Extended Data Fig. 3 Validation of CRISPR hits via manual assays.
a–i, CRISPR assays using doxycycline-inducible Cas9 in HeLa cells. Targets are divided in ones that validated and ones that did not. For each experiment, the right-set panel is qPCR data of expression 96 hours after induction of Cas9 with doxycycline. a) ZBTB11-AS1 b) HP08474 c) GREP1 d) RP11-54A9.1 e) G083755 f) OLMALINC g) CTD-2270L9.4 h) RP11-277L2.3 i) ASNSD1 uORF. j-k, CRISPR assays using stably-expressing A375 Cas9 cells. j) CTD-2270L9.4 k) ASNSD1 uORF. For all data in this figure, n = 6 technical replicates for each data point. Error bars represent standard deviation. Data was also acquired a 3 independent biological replicates based on doxycycline dose level (0.2 ug/mL, 1.0 ug/mL and 2.0 ug/mL doxycycline, as well as 0 ug/mL doxycycline). The data shown are the 1.0 ug/mL dosing level, with similar results observed for the 0.2 ug/mL and 2.0 ug/mL doxycycline dosing levels.

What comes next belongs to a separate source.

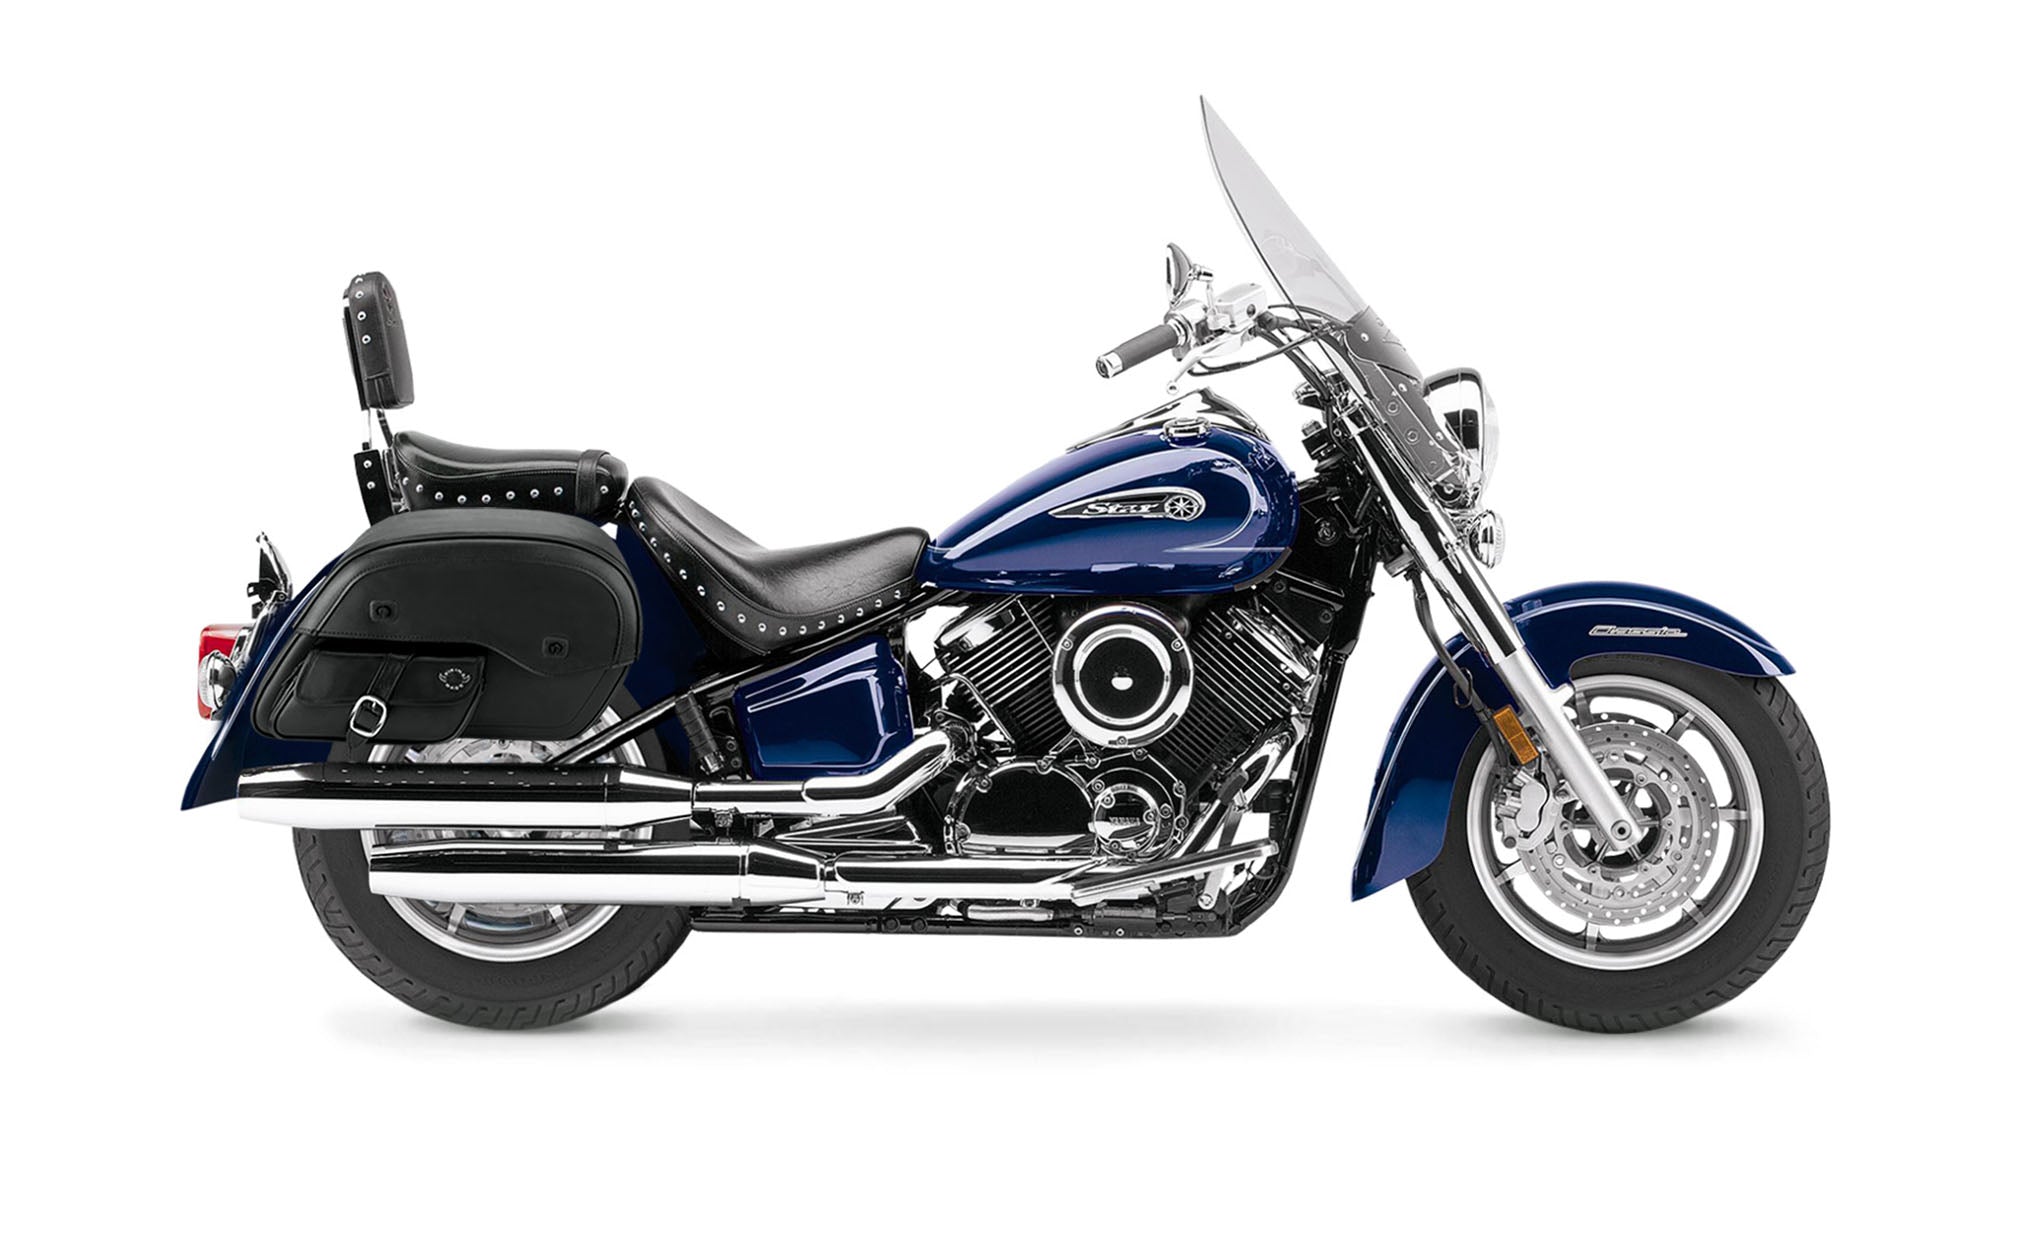 Viking Dweller Side Pocket Large Yamaha Silverado Leather Motorcycle Saddlebags on Bike Photo @expand

Extended Data Fig. 4 Tiling CRISPR assays to elucidate functional non-canonical ORFs.
a, A heatmap showing log fold change viability loss at Day +21 in the secondary CRISPR screen for the indicated non-canonical ORFs tested by multiple tiling sgRNA regions. b-e, Examples of non-canonical ORFs with a CRISPR tiling phenotype. b-e) Graphical representation of tiling CRISPR assays in which each dot represents an individual sgRNA. sgRNAs are mapped to their genomic loci and the genomic region of the tiling assay is shown. The location of the putative non-canonical ORF is shown in the gene annotation above. b) CTD-2270L9.4 c) OLMALINC d) RP11-54A9.1 e) RPP14 dORF / HTD2. f - k, Representative sgRNA log fold change data for the indicated transcripts. Each tiling experiment is classified as indicated. f) LINC00662 g) RP11-195B21.3 h) LYRM4-AS1 i) ESRG j) TCONS_I2_00007040 k) LINC01184.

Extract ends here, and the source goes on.